The new president of France, Emmanuel Macron should concentrate on deepening financial and fiscal integration of the EU, as well as the promotion of stimulating inflation policy, according to the author Financial Times.
Although it is the priorities of the new president of France Emmanuel Makron in the EU are unknown, of his campaign settings it is clear that it will take a course to strengthen economic integration in the euro area with the creation of its own budget, the appointment of the Minister of Finance and the introduction of parliamentary oversight, according to Financial Times.
One of the book's authors suggested what steps should be taken Macron to make progress in deepening European integration and make France one of the leaders in these processes.
Firstly, the FT journalist believes that instead of creating a separate euro zone budget would effectively expand the budget of the whole of the EU and the existing pan-European investment funds. Thus the scope of the project that can be financed from European funds will be wider.

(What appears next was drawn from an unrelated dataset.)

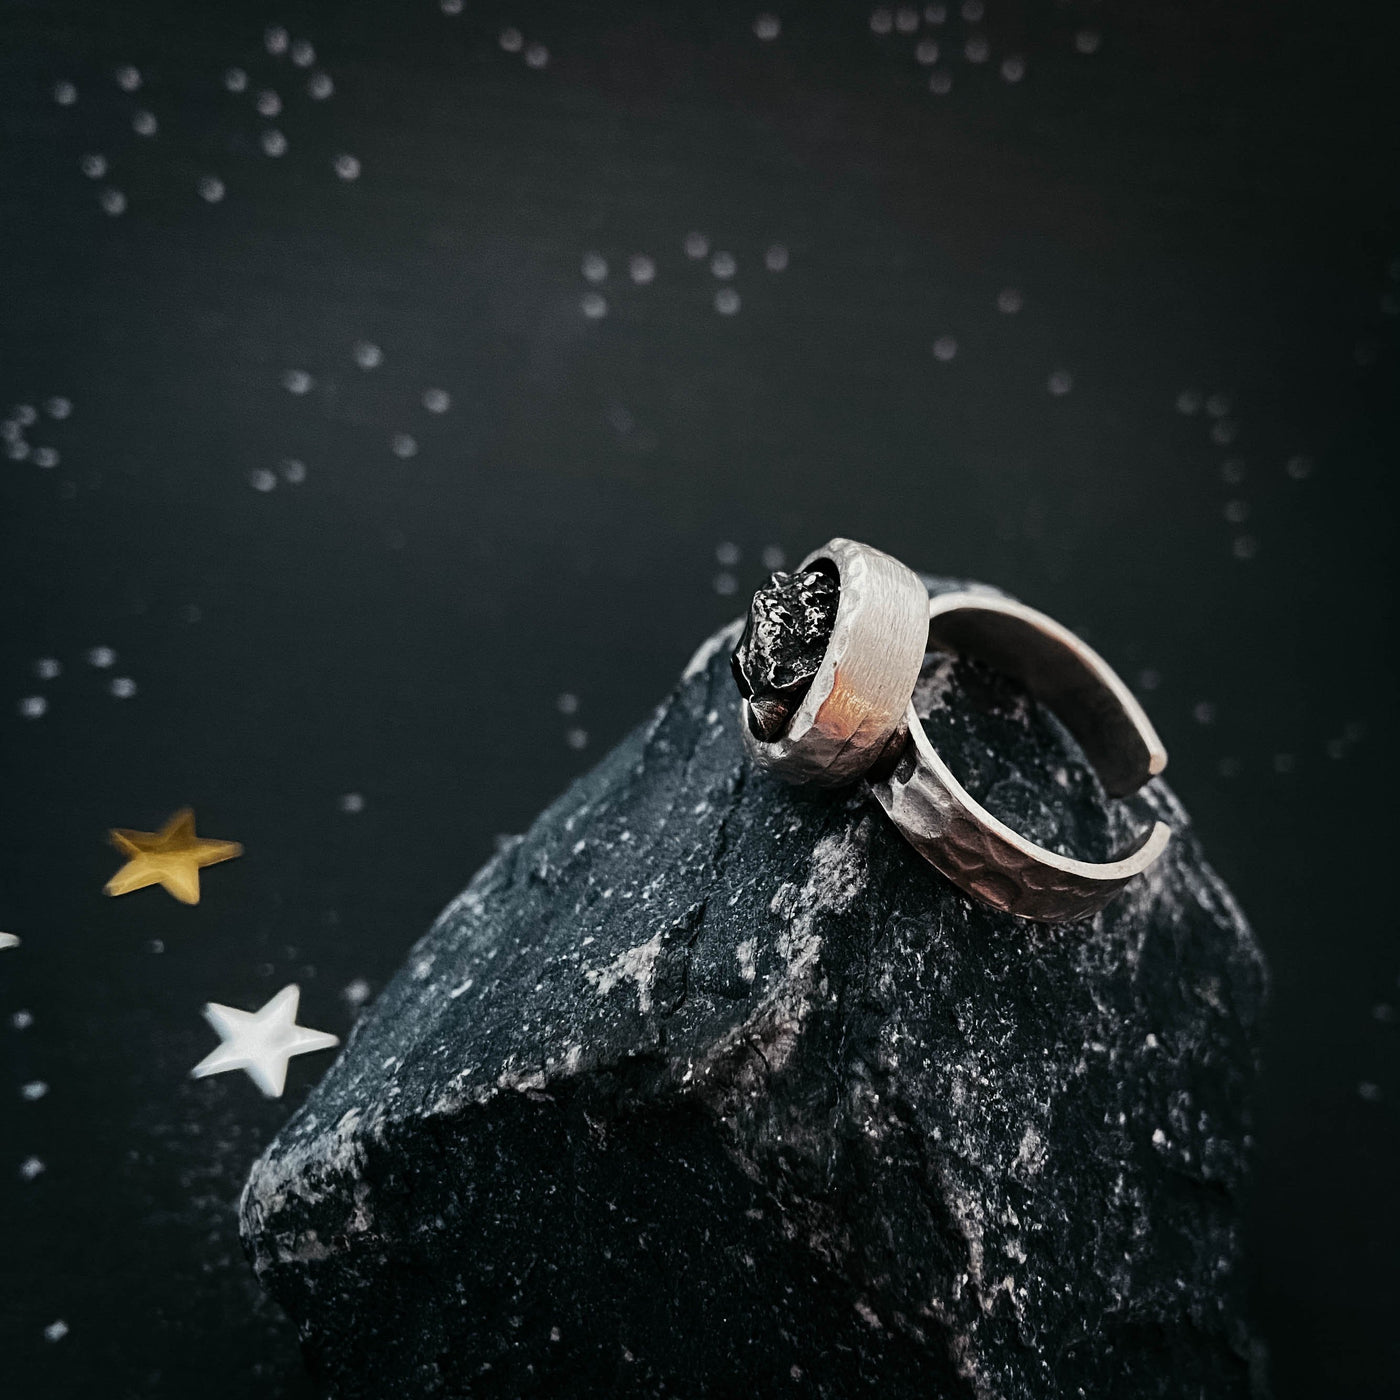 Chunky Round Raw Meteorite Ring in Silver - Roses & Chains | Fashionable Clothing, Shoes, Accessories, & More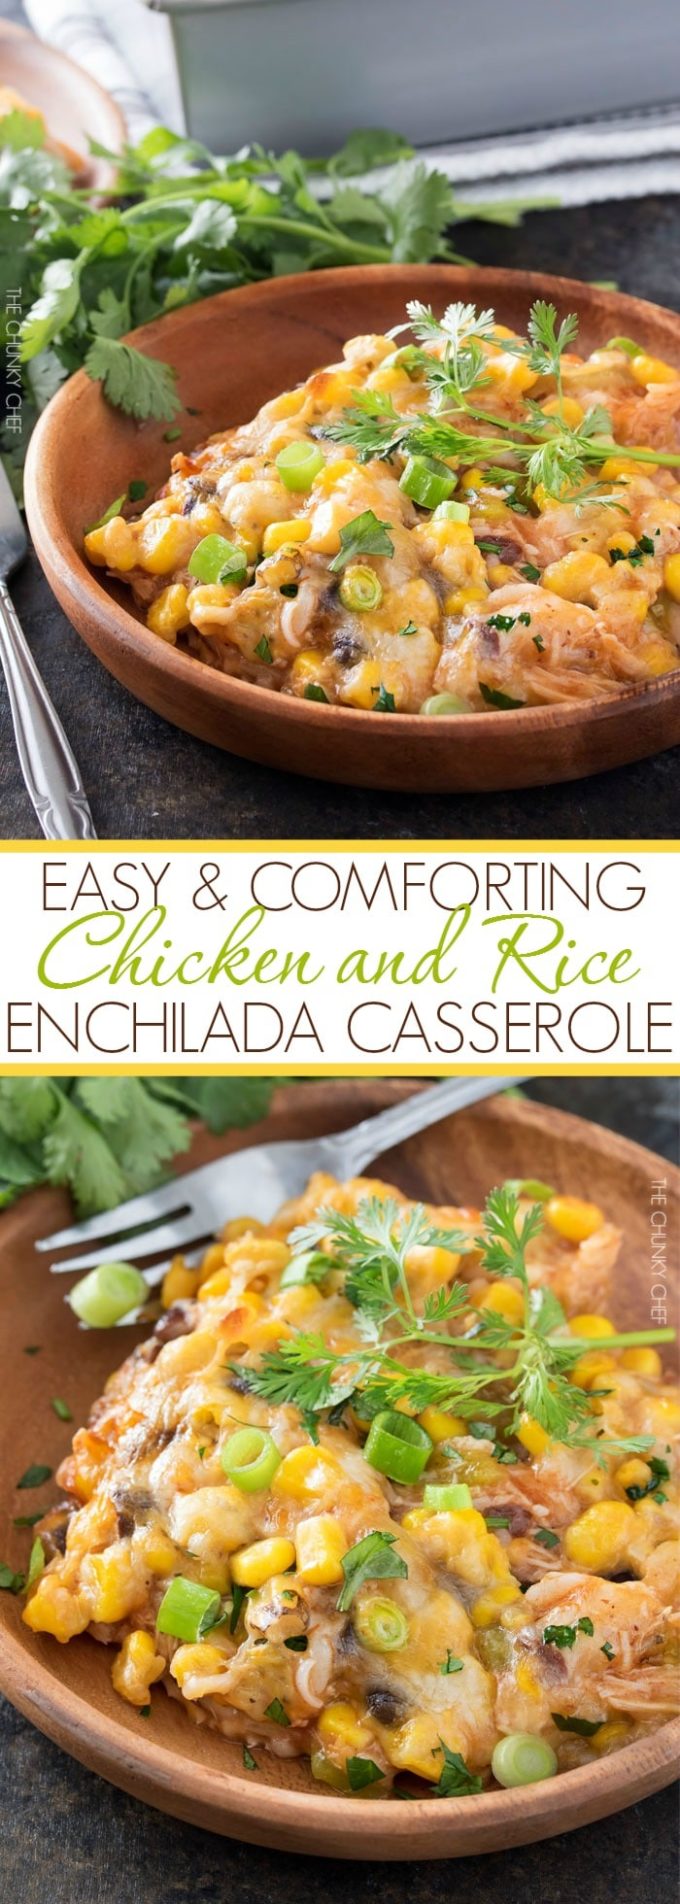 Chicken and Rice Enchilada Casserole - The Chunky Chef

Secondly, there are many directions in which the EU countries could deepen cooperation. In particular, Macron could initiate the creation of pan-European party lists, leaving for them the seats of the European Parliament's deputies leaving the European Union Britain. In addition, he could lobby for strengthening the cooperation of the countries of the "united Europe" in the field of defense and security, uniting the digital services sector, setting the minimum cost of carbon emission allowances, and including in the trade agreements articles aimed at tax evasion.
Thirdly, the author of the FT believes that Macron should focus on more specific options of economic integration, such as between two or three countries, one of which has the potential to become Germany. This, in particular, can include the creation of economic sectors "without state borders" between these States through the harmonization of the regulatory framework and consolidation of the tax base. Such a scenario will encourage other EU Member States to join the process data.
Fourth, the new President of France would promote the creation of a banking union, as well as to initiate a greater integration of European financial markets - the so-called Union of the capital markets.
Fifth, the FT journalist believes that Macron it would be expedient to lead the EU's efforts to establish a common mechanism of borrowing in a "united Europe" and the separation of financial risk among all members, for example by issuing joint Eurobonds specialized. At the same time, given the negative attitude of Germany to such initiatives, France could run these processes, bypassing Germany, united with other willing EU countries.
The sixth and most important step, which is to go Macron, author of Financial Times believes departure from deflation rate and promotion of EU policies to stimulate price increases. This move, coupled with the creation of out-relief mechanisms of control public and private debt, in his opinion, will strengthen the sustainability of fiscal EU.